Uno de esos hijos "postizos" que tengo –y que son muchos– me preguntó por qué algunas veces escribo con total seriedad mis críticas sociales y otras, suelto mensajes irónicos que hacen reír a mis lectores. A renglón seguido quiso saber si no me causa miedo decir lo que pienso, cuando vivo dentro de la jaula de una tiranía.
Le conté que mi manera de escribir tiene que ver con la genética y la idiosincrasia propia del cubano. "¿No has escuchado decir que los cubanos somos los únicos ciudadanos del mundo que reímos de nuestra propia desgracia?", le respondí jugando; y de inmediato agregué, parafraseando al Maestro: "La sátira es un látigo que tiene un cascabel en la punta". La ironía sarcástica despierta al lector adormecido por el tedio de largas explicaciones como si le echaran pica-pica en el catre incómodo que le han brindado para que mal repose y le estimula a sacar criterios propios.
Pero hay mucho también de genética, desde los ancestrales cromosomas de mi abuelo Leoncio López Labrada, poeta empírico y mambí de las tres guerras.

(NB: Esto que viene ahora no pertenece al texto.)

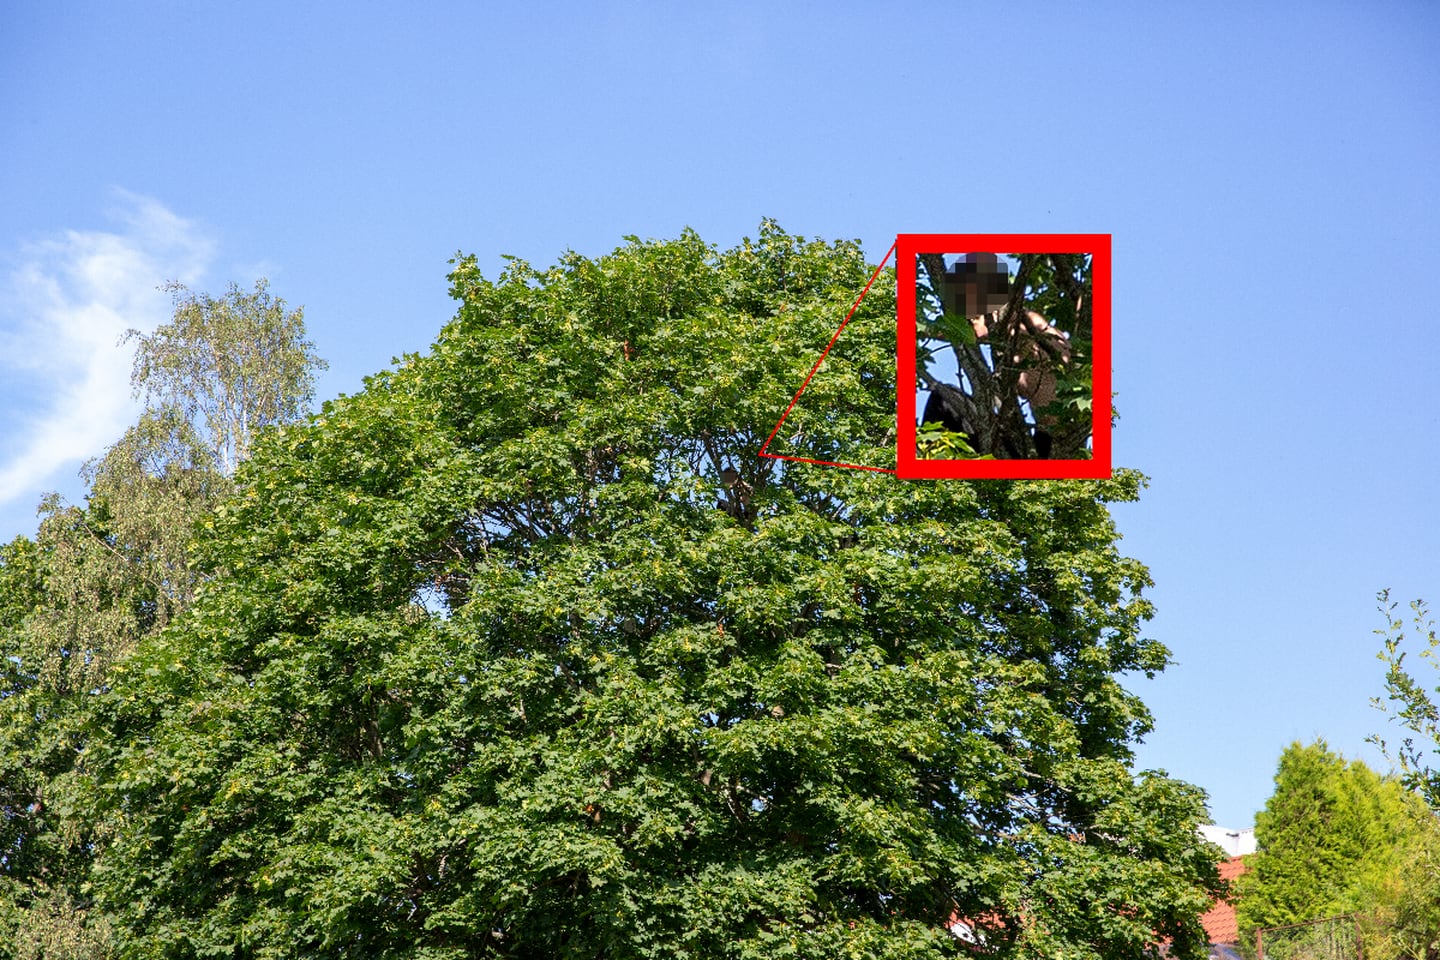 Mannen beveget seg mye i treet, og politiet fryktet han skulle falle.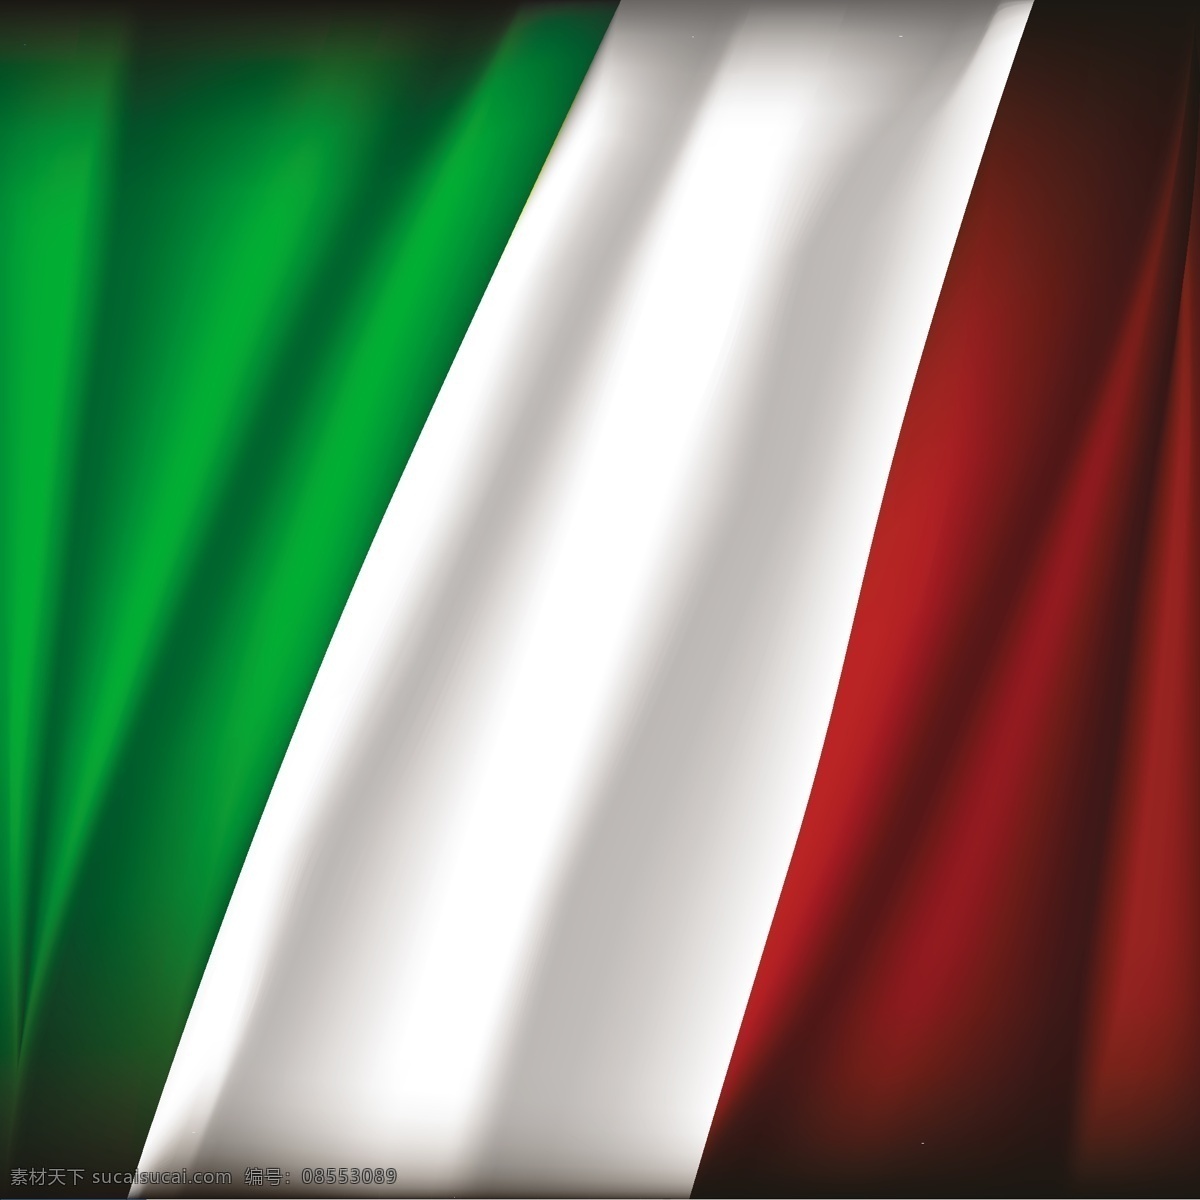 意大利设计 意大利国旗 意大利 意大利图标 意大利标志 意大利文化 意大利风情 标志图标 其他图标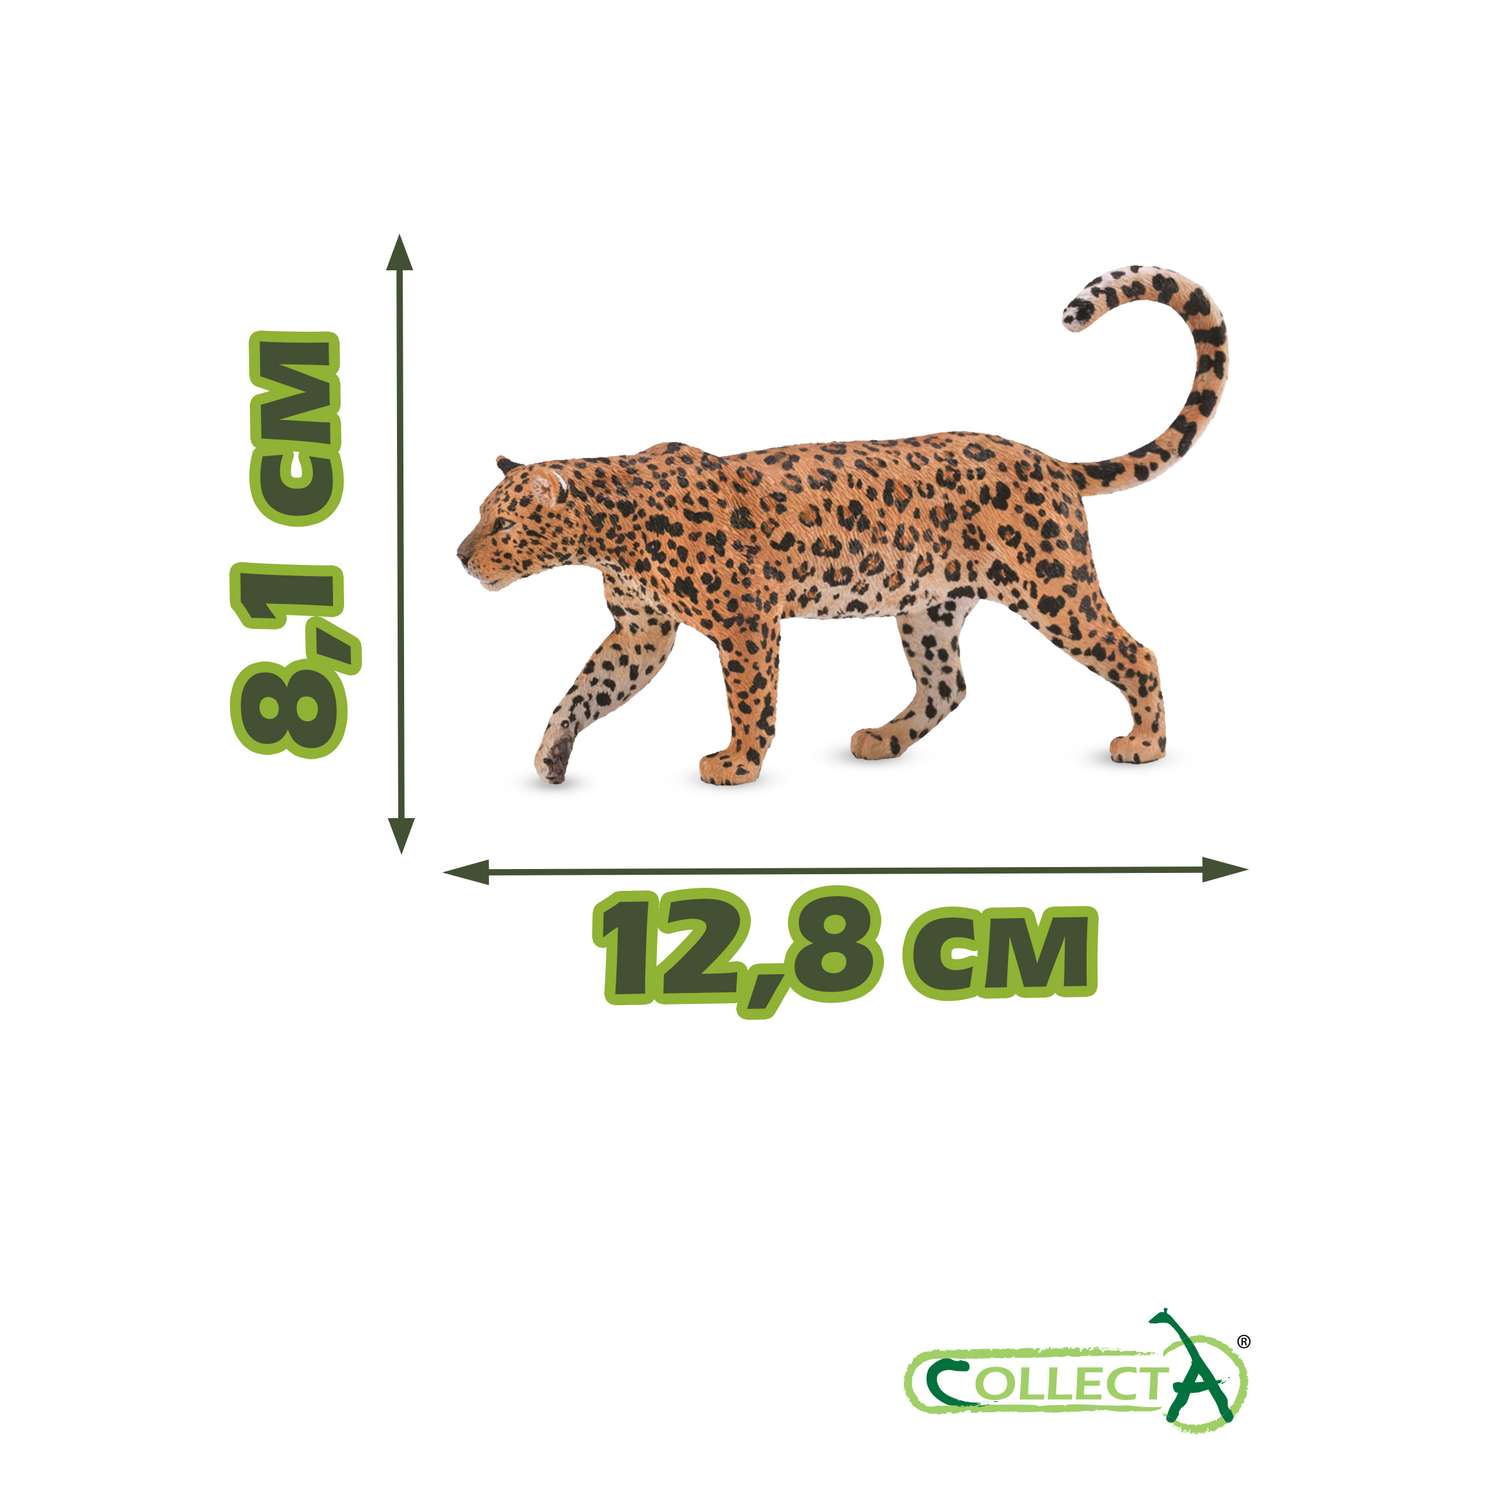 Фигурка животного Collecta Леопард Африканский - фото 2

Sus características conozco a través de mis padres y de algunos versos de su compañero de armas, el poeta cienfueguero Ricardo García Rodríguez de Argumedo, a quien acompañó redactando volantes patrióticos en una imprenta, allá por los últimos años del siglo XIX. Ricardito lo apodaba "Napoleón". Y cito:
"Como el gato es Napoleón,
que de goloso se pasa,
pues tiene la carne en casa
y sale a cazar ratón".
A finales de los años cuarenta del siglo pasado –contaba mi madre–, todas las mañanas insertaba en su victrola el disco del Himno Nacional y lo escuchaba de pie y en posición militar, a pesar de sus más de noventa años, como el más fiel creyente en la santidad de la Patria.
El 6 de noviembre de 1949 –para ser más preciso–, mi madre fue a verlo a su bohío conmigo en brazos. Era el día de mi segundo cumpleaños. Por supuesto, ella me lo refirió muchas veces después: me sentó en las piernas de su viejo y mi abuelo se "rajó en gritos". Mi madre y mi abuela, preocupadas, le preguntaron el por qué aquello, y él solo les respondió:
–Porque no podré ver a mi nieto grande, hecho todo un hombre.
Esa es también una deuda que debo pagar a la memoria de mi abuelo. Y es también uno de los "por qué" de no temer a decir lo que pienso.
–Y respondiendo a tu segunda pregunta –dije a mi hijo adoptivo–: el miedo es un bichito que te inoculan los tiranos como un virus; crece dentro de ti si tu espíritu está debilitado por la ignorancia, la desinformación y el acomodamiento. El miedo embiste a todos de diferentes maneras, y hay que ser valiente para lograr contenerlo. Pero donde está la verdad no cabe el miedo. Henry David Thoreau, el filósofo del que Gandhi obtuvo la teoría de la desobediencia civil, mostró una vez a sus carceleros que se es más libre detrás de rejas cuando nos expresamos sin hipocresía, que fuera de ella cuando no nos atrevemos a decir lo que pensamos. Y también dijo: "Bajo un gobierno que encarcela a alguien injustamente, el lugar que debe ocupar el justo es también la prisión"
–El miedo, en fin, hijo mío, como nos enseña Martí desde niños en La Edad de Oro, nos convierte en hipócritas y nos degrada la condición de hombre.